Agora que a onda vendedora de títulos se espalhou por todo o setor imobiliário da China e além, cresce a preocupação com o potencial risco para o sistema financeiro global.
O Federal Reserve deixou essa correlação explícita em relatório na segunda-feira, alertando que o que acontece no setor imobiliário da China pode impactar os mercados financeiros e ameaçar o crescimento econômico mundial.
Destacando os riscos de um potencial contágio, a Autoridade Monetária de Hong Kong pediu aos bancos que divulguem sua exposição ao mercado imobiliário chinês, segundo informações da mídia local.
No centro da derrocada do mercado de títulos está a preocupação de que incorporadoras possam ter muito mais dívida do que o divulgado em seus balanços. Algumas empresas não têm conseguido pagar a dívida pública e oculta, apesar de aparentemente terem capital suficiente.
Para piorar, os crescentes custos de financiamento têm dificultado a rolagem de dívidas por incorporadoras, o que efetivamente exclui o setor do mercado de títulos em dólar. As dez maiores incorporadoras da China em vendas têm dívidas combinadas de US$ 1,65 trilhão.
“A China parece estar realizando testes de estresse no sistema financeiro”, disse Larry Hu, chefe de economia da China no Macquarie Group.
“Somente sob estresse é possível saber quanta dívida existe fora do balanço patrimonial e quanta pressão o sistema é capaz de suportar. Mas o perigo é que a China decida desacelerar tarde demais.”
A crise de caixa piora a cada dia. O rendimento de um índice da Bloomberg de títulos em dólar com grau especulativo chineses – dominado por empresas do setor imobiliário – subiu para 24%.
A nota de crédito da Kaisa Group, que na semana passada não efetuou o pagamento de produtos de gestão de patrimônio, foi rebaixada ainda mais na chamada categoria junk pela Fitch Ratings na terça-feira.
A sangria atingiu emissores com melhor classificação de crédito, como a Country Garden, e nem os títulos de uma estatal chinesa escaparam da queda.
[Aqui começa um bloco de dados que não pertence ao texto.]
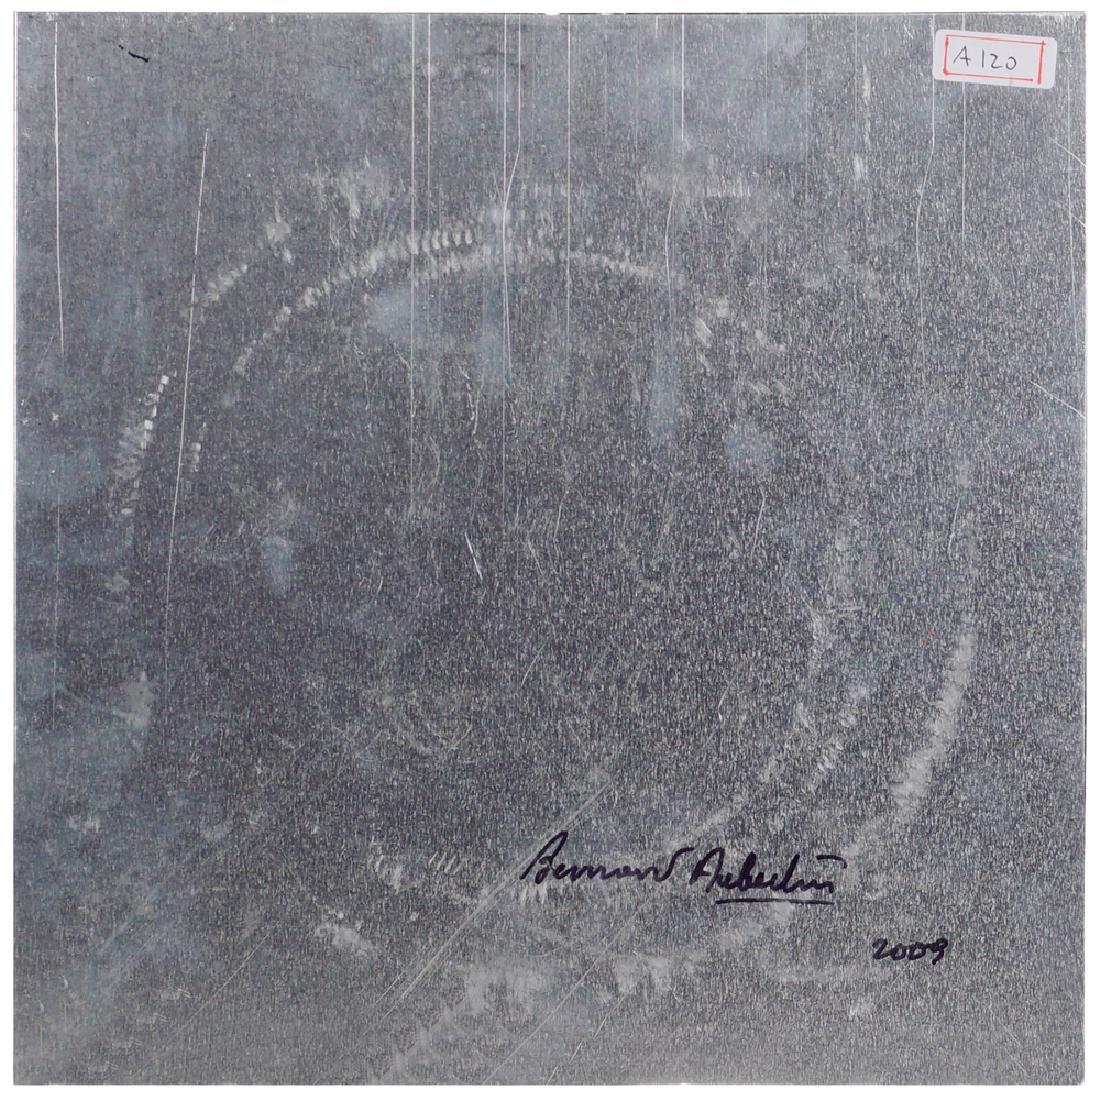 Bernard Aubertin Fontaney - Aux- Roses 1934 - 2015 - 2

Na terça-feira, os spreads de títulos com grau de investimento do país em relação aos Treasuries mostravam a maior diferença desde abril.
O mercado acionário não saiu ileso. O índice de incorporadoras chinesas da Bloomberg está no nível mais baixo em mais de quatro anos, depois de registrar baixa de 33% em 2021.
Acionistas de empresas como Evergrande, China Fortune Land Development, China Aoyuan e Yuzhou Group acumulam perdas superiores a 70%. O indicador é avaliado em apenas 0,3 vezes o valor contábil, mostrando que operadores atribuem um desconto significativo aos ativos divulgados por incorporadoras.
Alguns veem as perdas como oportunidade. A Goldman Sachs Asset Management tem acrescentado uma “quantidade modesta de risco” por meio de títulos em dólar de alto rendimento emitidos por incorporadoras imobiliárias da China, disse Angus Bell, da equipe de gestão de portfólio do Goldman. O mercado está superestimando o risco de contágio, disse Bell em entrevista na semana passada.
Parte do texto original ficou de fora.